Whether you are looking for a summer associate, an intern, a part-time law clerk or full-time attorney, we maintain an online job bank called SAGE where you can post open positions and register for an on-campus interview. To get started, go to law-missouri.12twenty.com/hire and create an account.
Once you have created an account on SAGE, you can easily post an open position. Simply login and click on the +Post button. This will open a page where you can fill in the details of your position. Once your position has been submitted, by clicking on the “OCI and Job Listings” tab, you will be able to check on the approval status of your job, edit the listing, and post additional jobs.

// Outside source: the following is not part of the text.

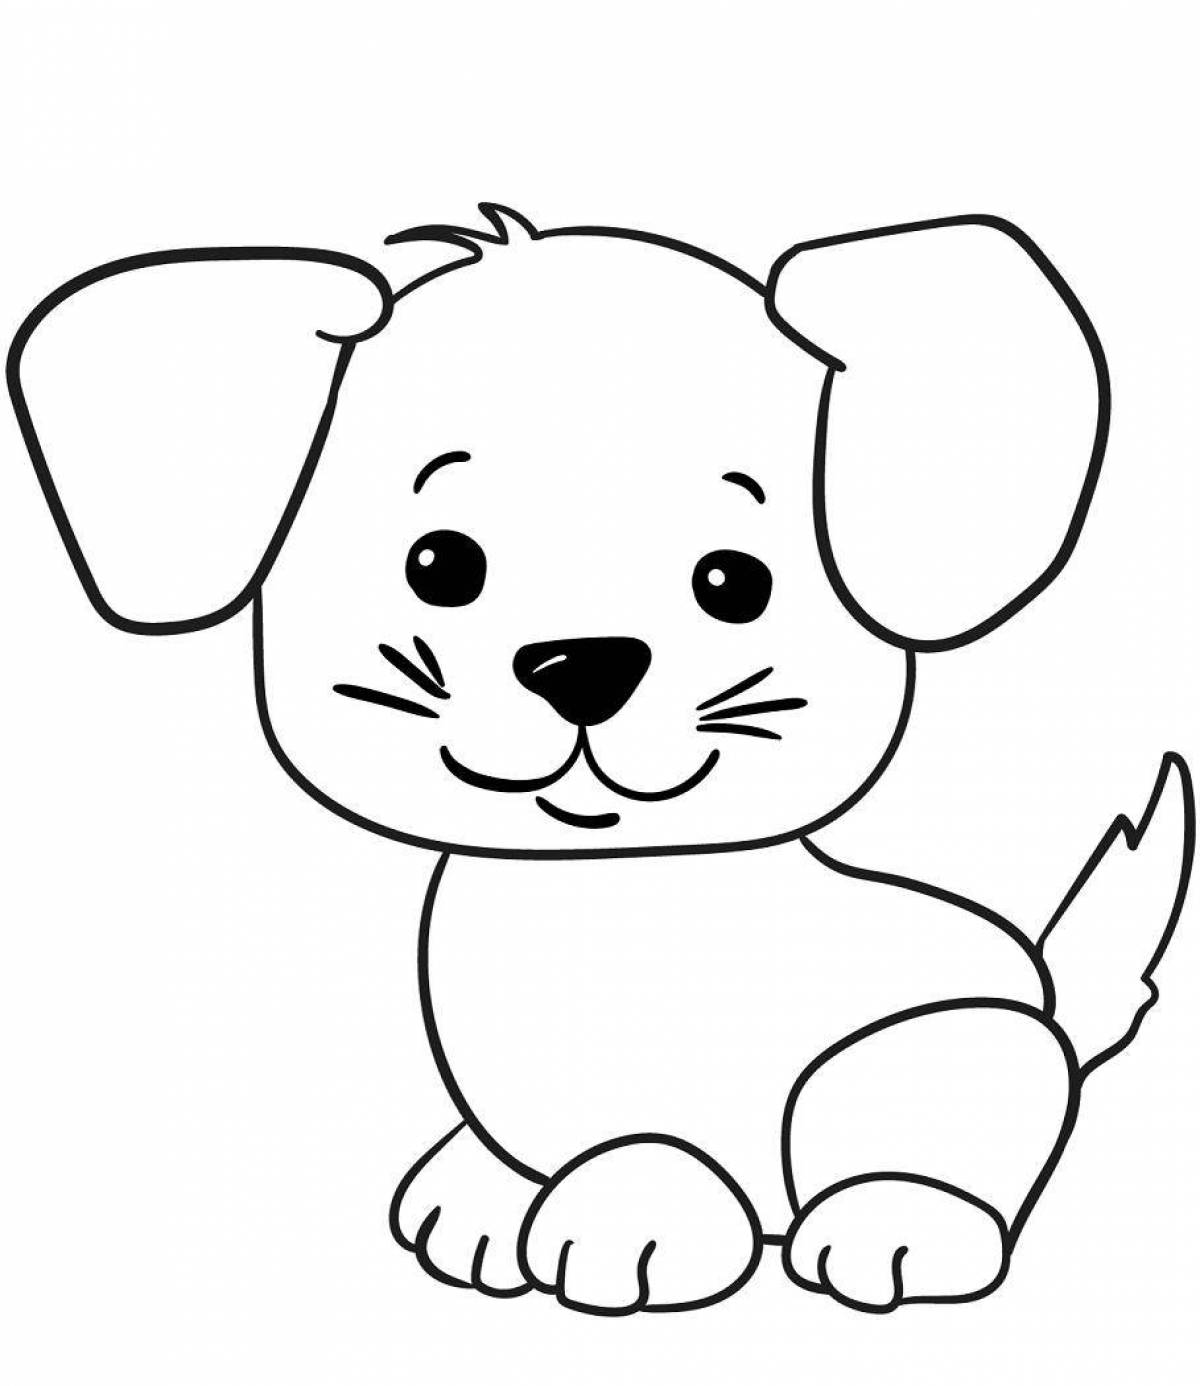 Привлекательная собачка-раскраска для детей 4-5 лет

When completing your job details, note that there are multiple options available for receiving applications. We recommend you select “Apply via This Site” in addition to any other options you might wish to select. This will allow us to track applicants and, if needed, publicize your job to individuals we believe may be interested. In addition, you will be able to view applications for the position at any point in time and have the option to download resumes and application packages of applicants.
We invite you to send a representative of your firm, agency or organization to our campus to interview our students. We schedule on-campus interviews for 2Ls and 3Ls throughout the academic year. Our 1L students are eligible to interview only during the spring semester. For information on how to schedule a date for OCI, please contact the Career Development Office by email at email@example.com or by phone at 573-882-7386.
If you would prefer to send a job posting directly to our office, or if you have trouble logging on to SAGE, need assistance with your password, or have other questions, please feel free to email us at firstname.lastname@example.org or call us at 573-882-7386.
Thank you for thinking of Mizzou Law School for your hiring needs, and we look forward to hearing from you soon!
The University of Missouri School of Law is committed to the principle of equal employment opportunities for all of its students and graduates, commensurate with their abilities and not limited by invidious discrimination, including discrimination based on race, sex, age, religion, color, national origin, disability, sexual orientation, gender identity, gender expression, status as a veteran, or any other basis forbidden by applicable law or university regulation.
The Law School may restrict or refuse services to any employer whose conduct is determined to have violated this policy, regardless of whether the conduct occurred on campus or elsewhere, during the recruiting process, or during summer or other employment of a law student, including employment as an intern or extern.
Complaint procedures have been established to provide a means for students who believe an employer has violated the Non-Discrimination Policy to bring the alleged conduct to the attention of the Law School. Notwithstanding the foregoing, based on current federal law and regulations, (the Solomon Amendment) the School is compelled to allow the military to recruit our students on campus or risk the loss of federal funding.
Interviewers may and should ask novel or unusual interview questions to gauge a candidate’s analytical ability, professional demeanor, legal or academic experience, or other business-related skills. However, such questioning should not be used to elicit information regarding an applicant’s race, gender, marital/parental status, age, religion, color, national origin, disability, sexual orientation, or veteran status.
Federal and state laws prohibit workplace discrimination, including harassment, because of race, color, national origin, sex (including pregnancy), religion, disability, or age (age 40 or older). Some state and local laws also prohibit discrimination based on sexual orientation. Harassment can occur in a wide variety of circumstances, and by a wide variety of people. The harasser could be your manager or supervisor, a co-worker, or even a client. However, not all offensive or inappropriate behavior is illegal harassment. In order for the conduct to be considered illegal, it must be unwanted, and so frequent or severe that it creates a hostile or offensive work environment. Depending on the severity and frequency, illegal harassment can include off-putting jokes or comments, ridicule, insults, epithets and slurs, as well as physical assaults, intimidation, and threats. Exposing someone to offensive objects or pictures can also be considered illegal harassment.
Victims of workplace harassment are encouraged to inform the harasser directly that the conduct is unwelcome and should cease. Harassment should also be reported to management. Many employers have procedures in place for reporting harassment, and these should be reviewed and followed. The Law School also encourages anyone who has witnessed or been the victim of workplace harassment while a law student to file a complaint with the Career Development Office.